Ashley Jones, event director at Framework Media, on the organiser’s newest launch – marketingSHOWCASE – and the strengths of the roadshow model.
Be honest, how far would you travel to an industry trade show?
For me, even the most relevant show of the year, if it’s held more than an hour away, I’d be pushed to go. Factoring in travel, I’m going to need to allow a full day in my diary. Even if there’s nothing else specific in my schedule, the likelihood is, something will “crop up” – it always does.
The days when business teams would attend their annual trade show ‘on-mass’ are long gone. No more boozy overnight stays, triple-decker stands with hospitality penthouse, massive crowds of people having a fun day out. The fact is, we’re all time-poor, information rich. We only attend trade shows with a purpose and they must be convenient. The benefit is in the face-to-face opportunity to meet potential suppliers and industry peers, engage eye-to-eye and achieve goals that you can’t sitting at your desk.
As 21st century exhibition organisers, we act as meeting facilitators.

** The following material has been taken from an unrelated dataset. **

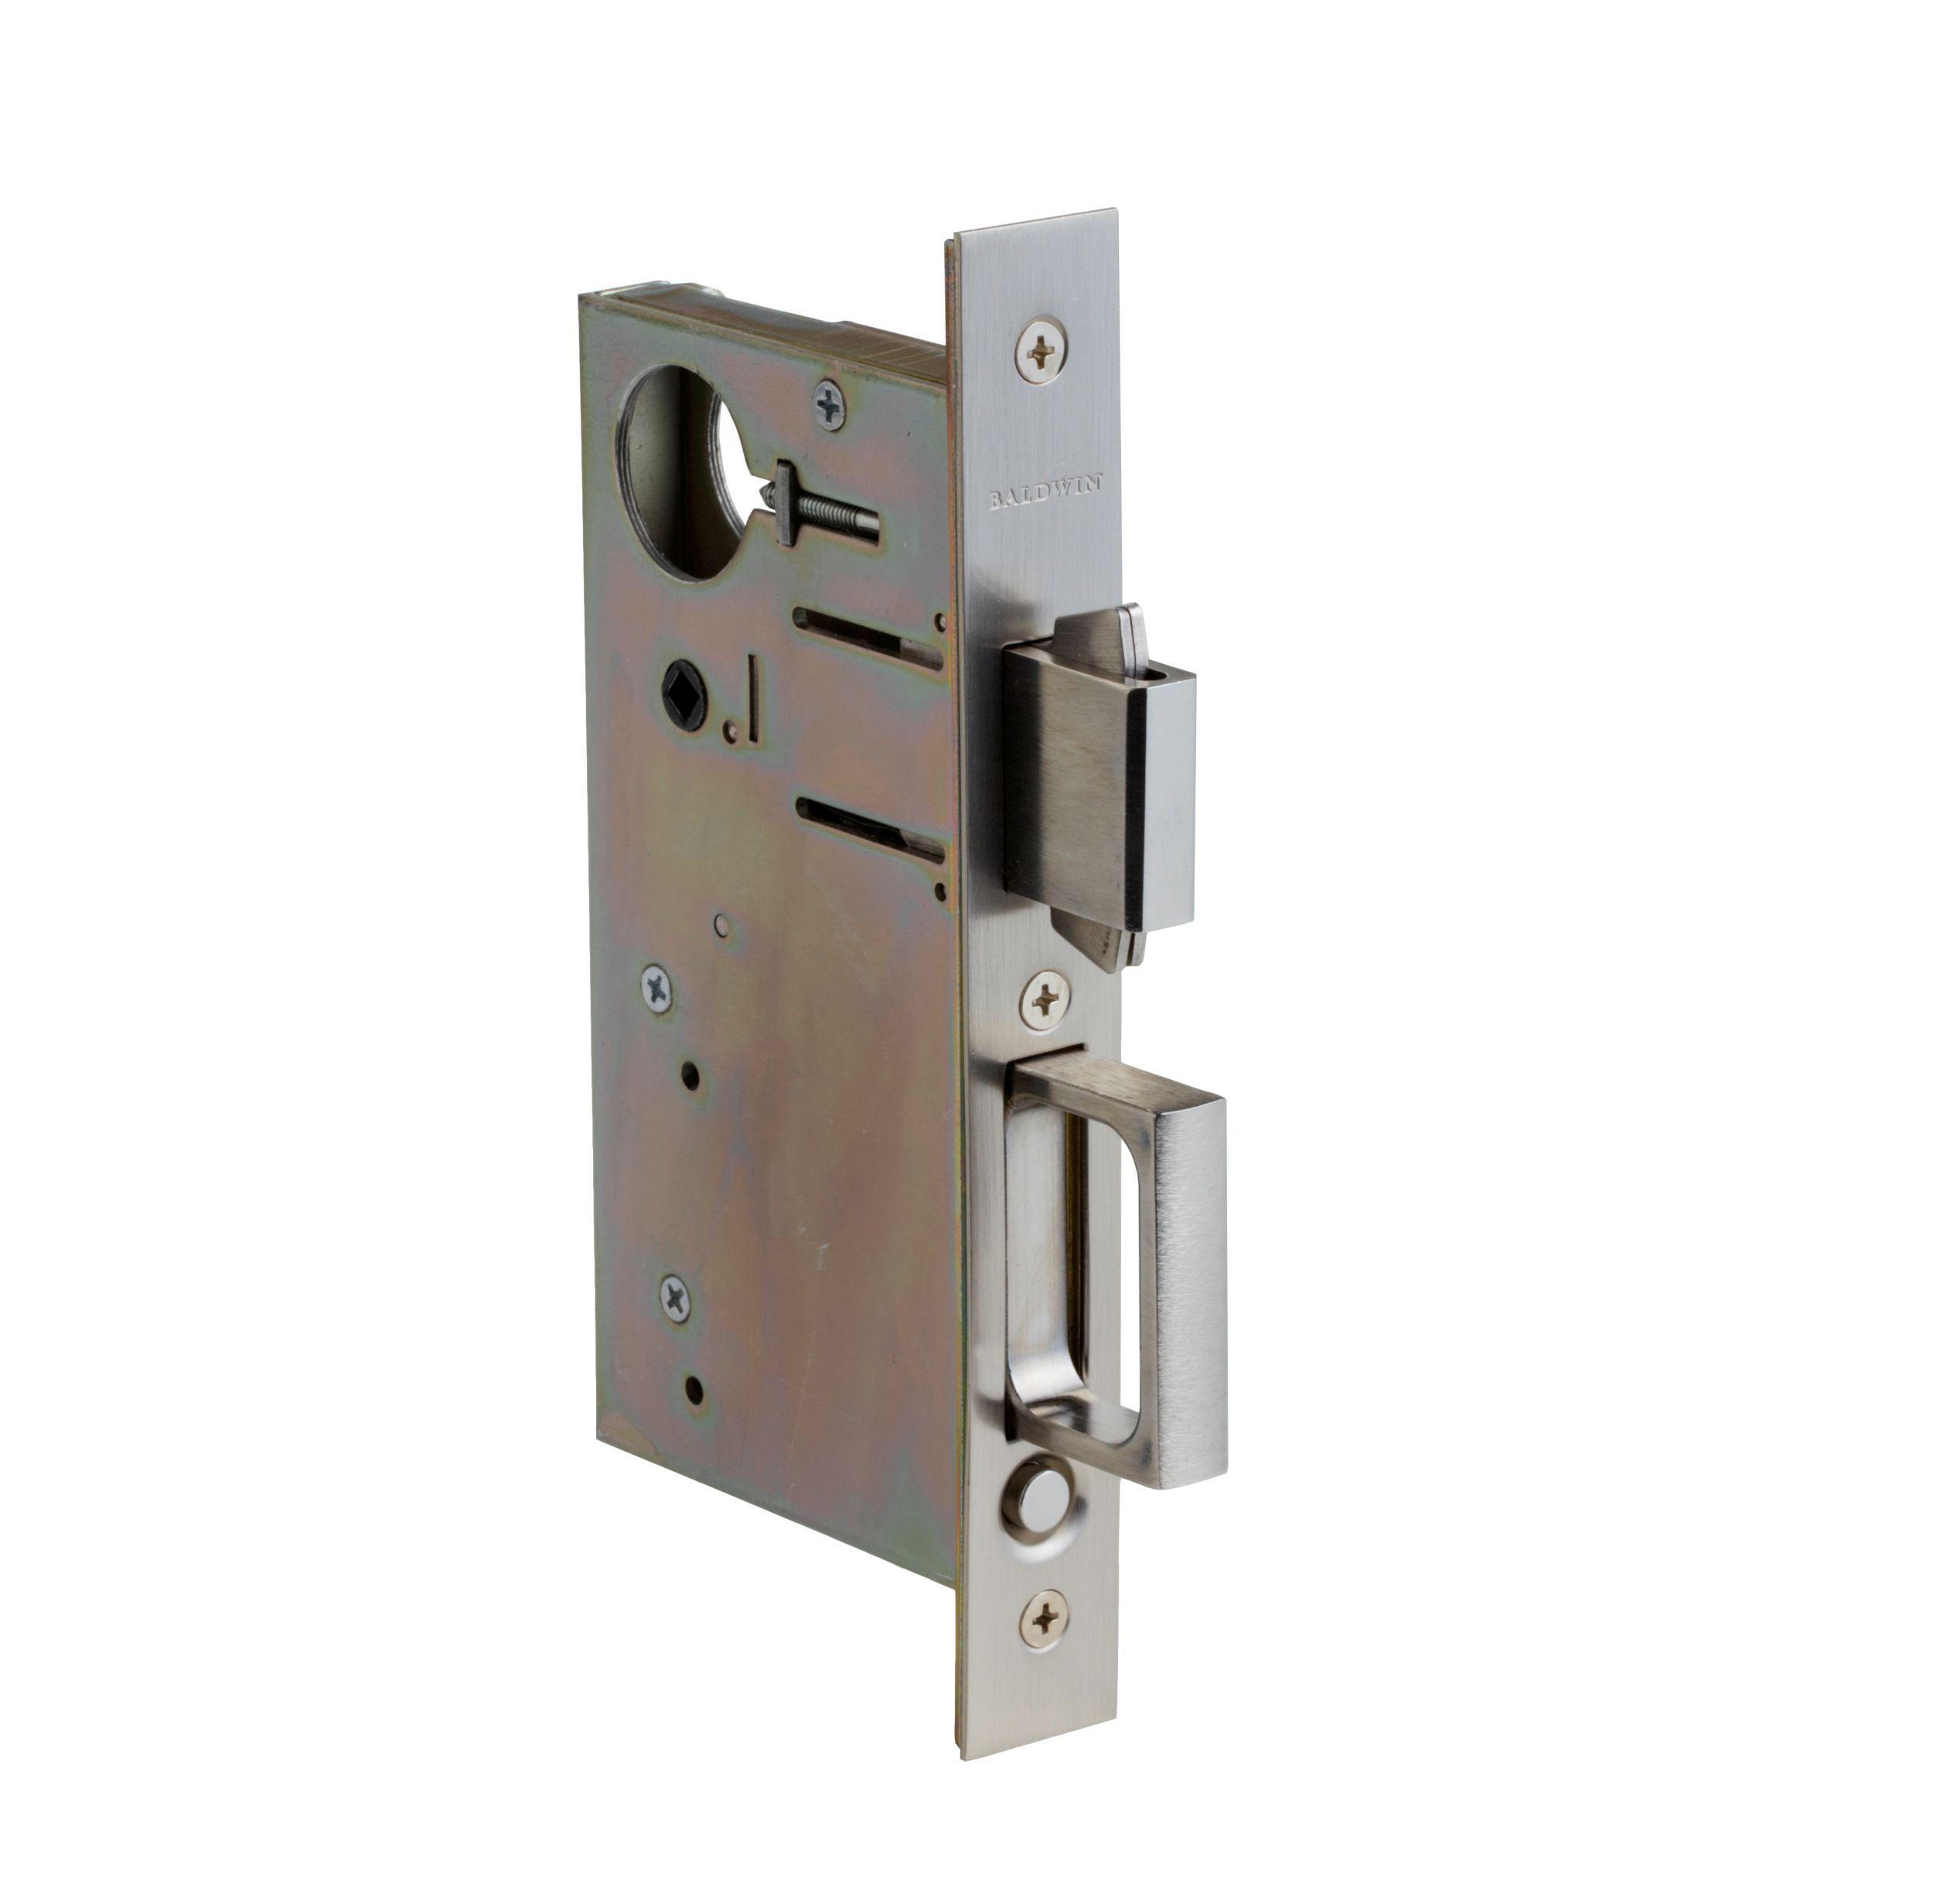 Sliding Door Pull Hardware: 8632 Pocket Door Lock With Pull (8632.150

Our customers require us to attract motivated buyers, while visitors expect high quality content in the form of relevant exhibits and engaging speakers. What’s more, they need us to make it as easy for them as possible. Fail to match buyer with supplier and your event is doomed.
As a result, exhibitions have become more niche and smaller, particularly B2B. There are fewer examples of successful ‘Mega Business Events’, so the need for an annual ‘National’ exhibition comes into question. After all, what is a national exhibition? How many shows have the pull to attract businesspeople from far-flung locations? Whether held in one of the London venues or The NEC, I’d argue that the vast majority of visitors live and work locally, resulting in what are, in effect, larger regional events.

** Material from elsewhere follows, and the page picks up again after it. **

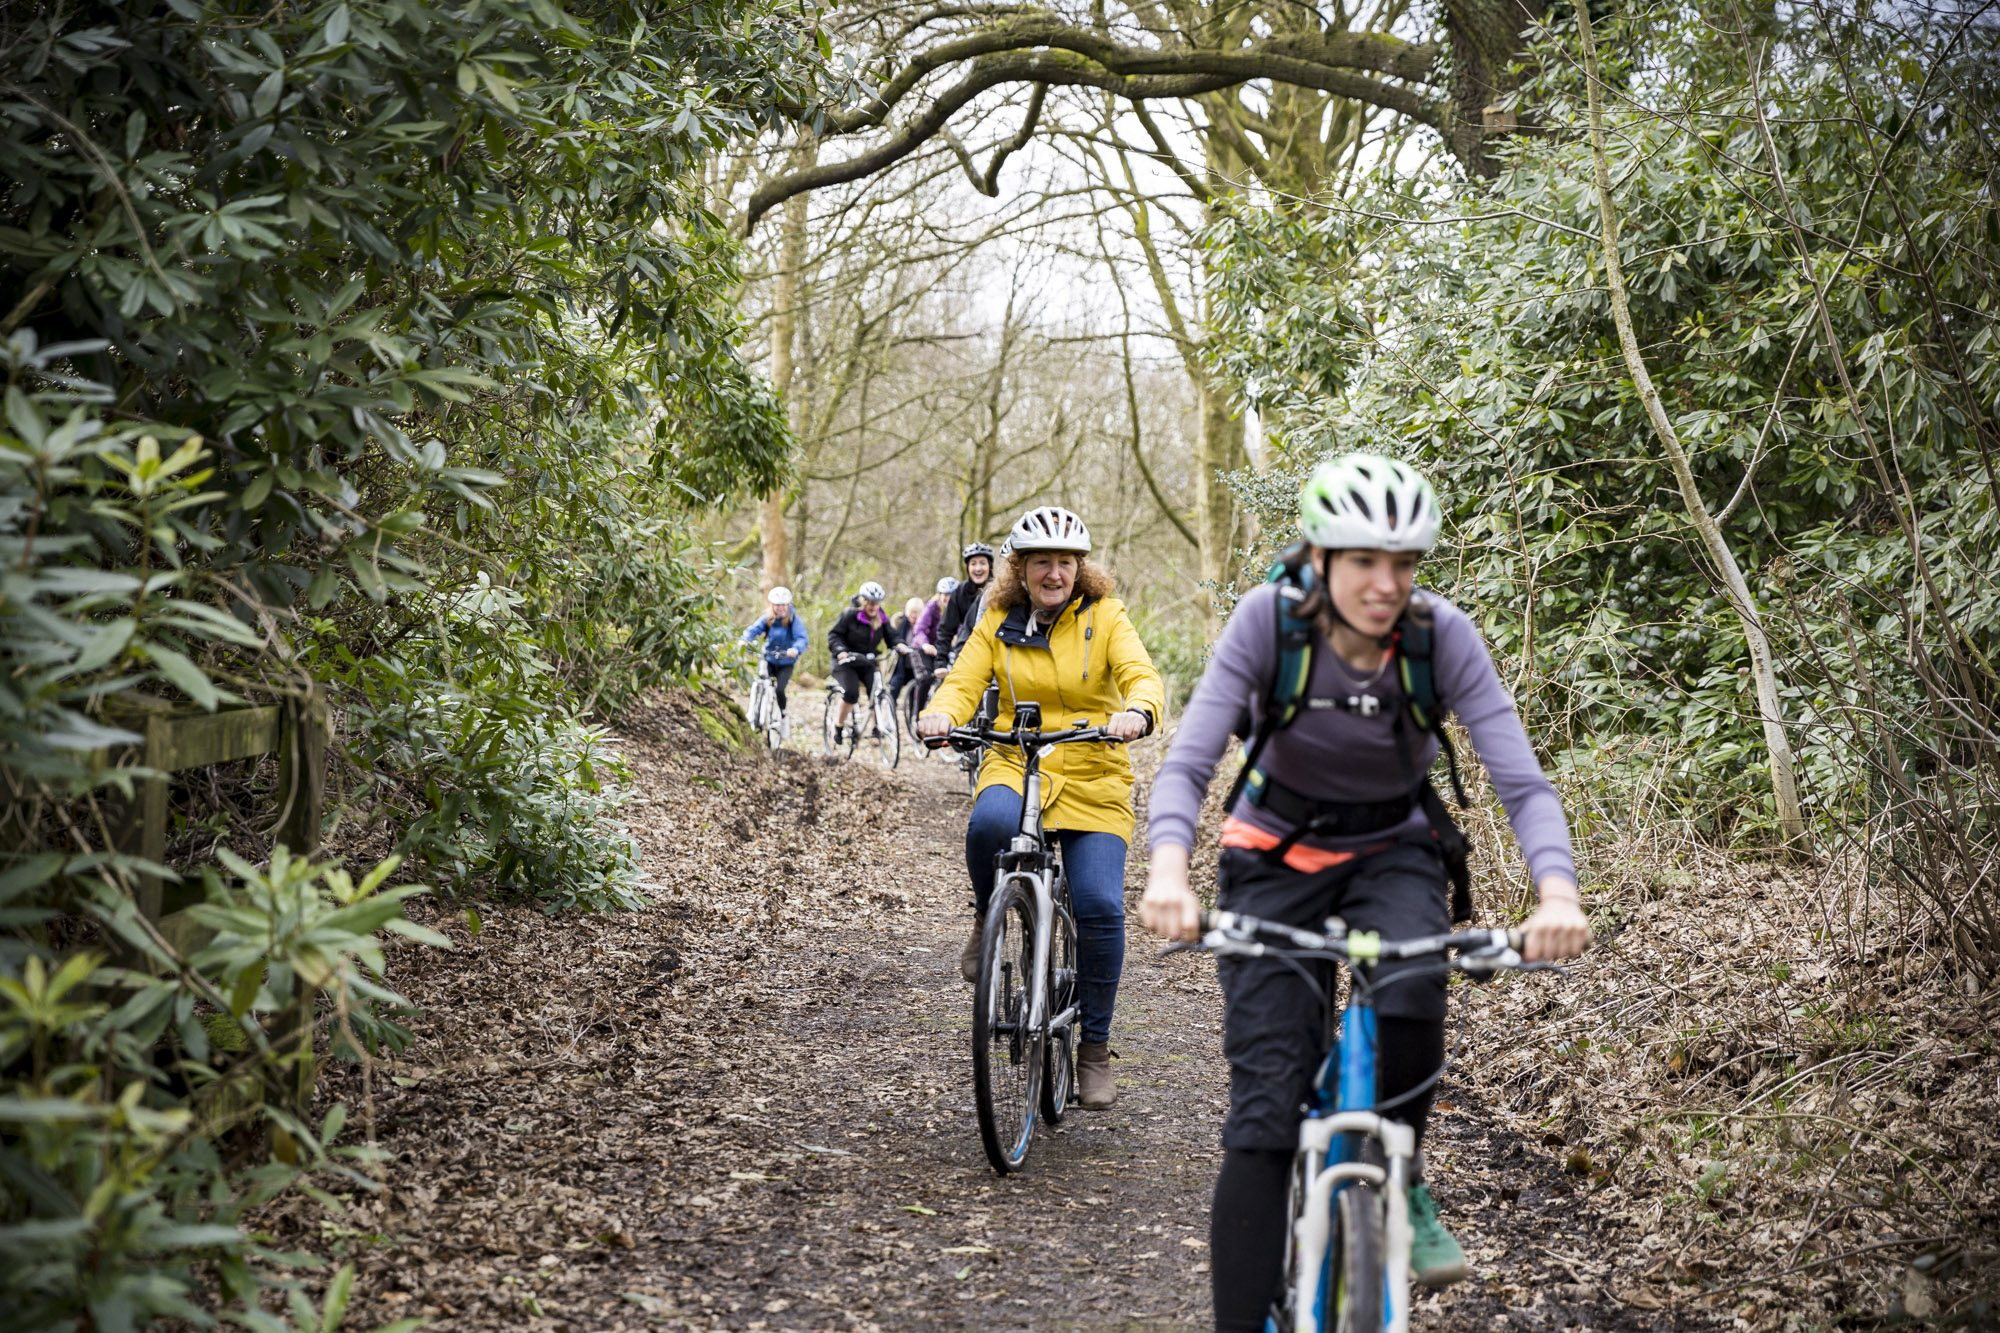 MAD about cycling - MAD Bike Club, via NCA GB, Bury/Manchester

Back in the day (1991), our original concept for an industry roadshow was based on the premise that, where a successful annual exhibition exists, there are also opportunities for regional events with the same theme. As it happens, in our first market ‘business software’ we also ran the annual event and, whilst the annual event is long gone, the roadshow continues to thrive. Certainly it has and continues to evolve, but it’s still out there serving satisfied exhibitors and visitors alike.
Our most recent launch, marketingSHOWCASE, is another good example of a roadshow designed to provide a focussed and convenient way for busy Marketing Managers to find new suppliers, learn from industry experts and share best practice. The response from delegates has been awesome.

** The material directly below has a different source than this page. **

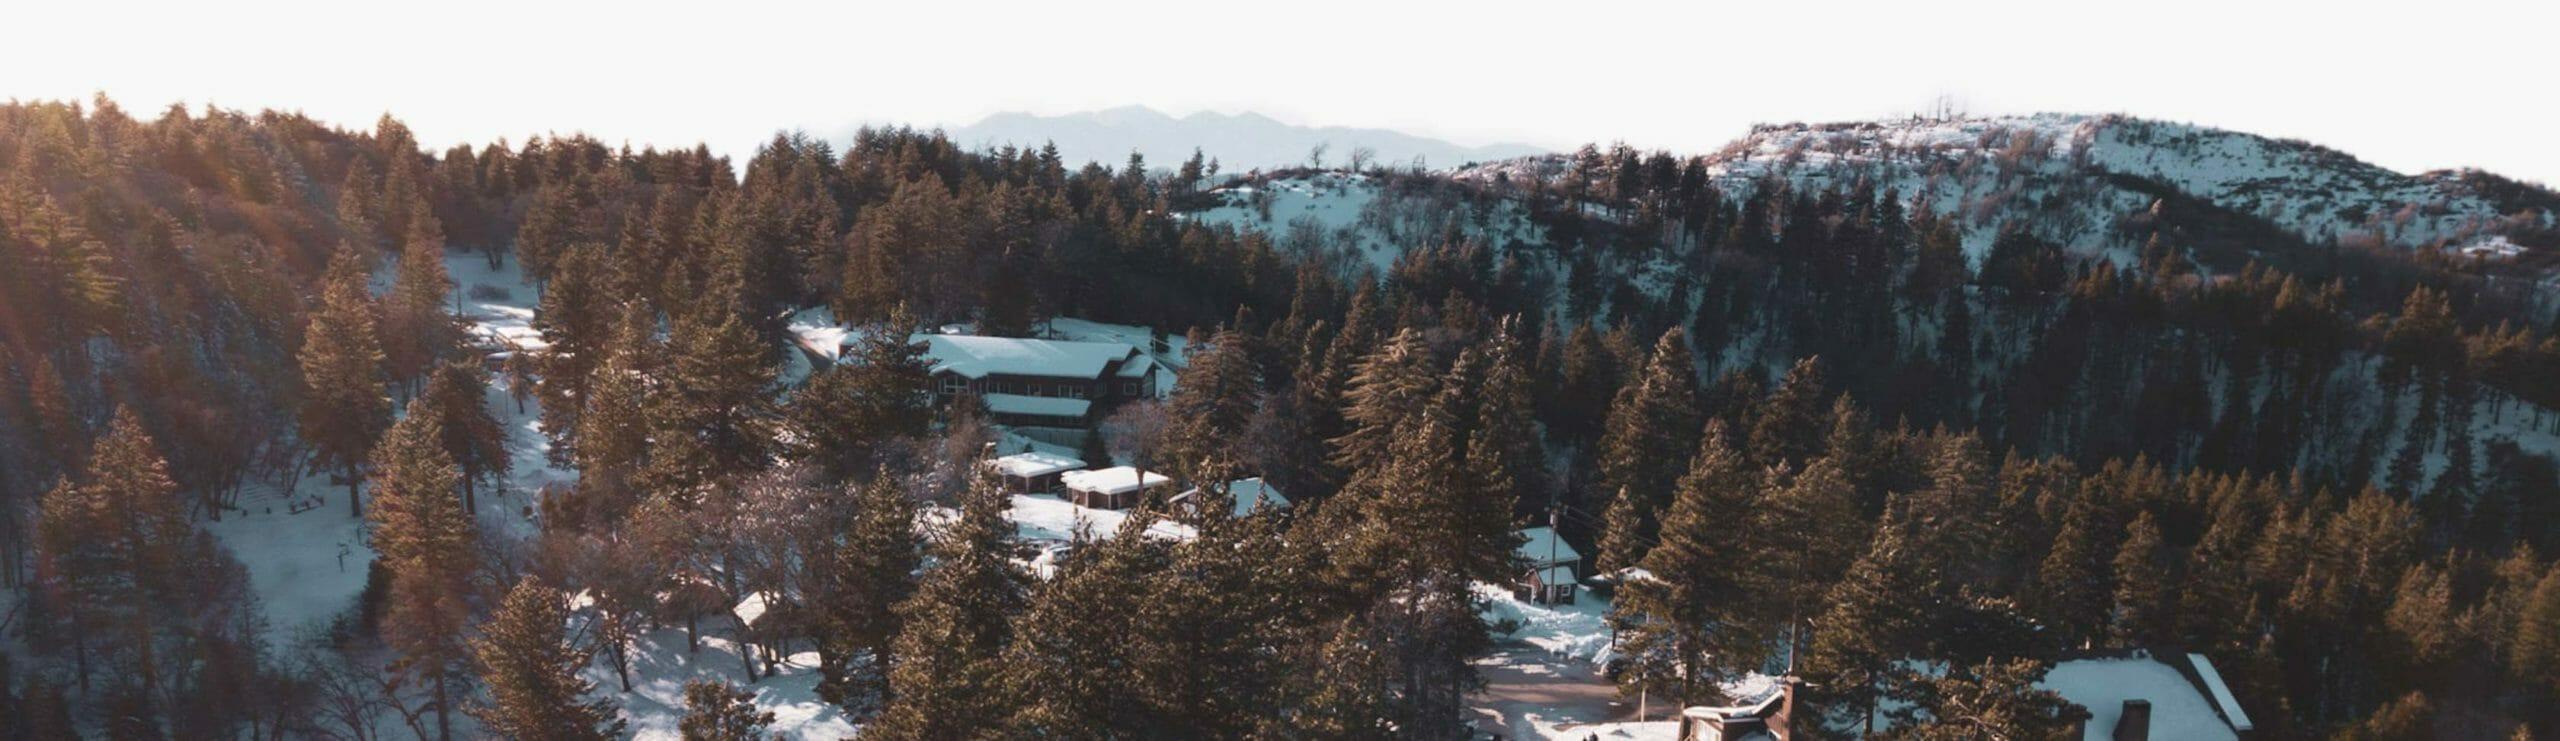 Aerial of Pali Institute in winter

Visitors frequently comment how much the appreciate the local approach. They value the fact that suppliers come to them, which means they are open to conversation and creates an atmosphere that’s conducive to doing business.
In spite of what I said earlier, it’s amazing that the first question asked by lots of prospective exhibitors is still ‘How many people do you get?’. My answer is always the same, ‘surely you’re more interested in who’s coming than how many’. Simply put, we always focus on delegate quality. We look for exhibitors who would rather have two or three quality conversations with ‘real buyers’ than large numbers of unmotivated visitors. Collecting background information is a task much better performed on Google than at exhibitions, which, as I’ve already said, should be a place for face-to-face meetings.
Of course there’s a place for exhibitions of all types and sizes but B2B organisers must accept that it’s not about filling space, it’s about delivering the right number of buyers and creating selling opportunities for your clients.
My personal opinion? That’s better done locally.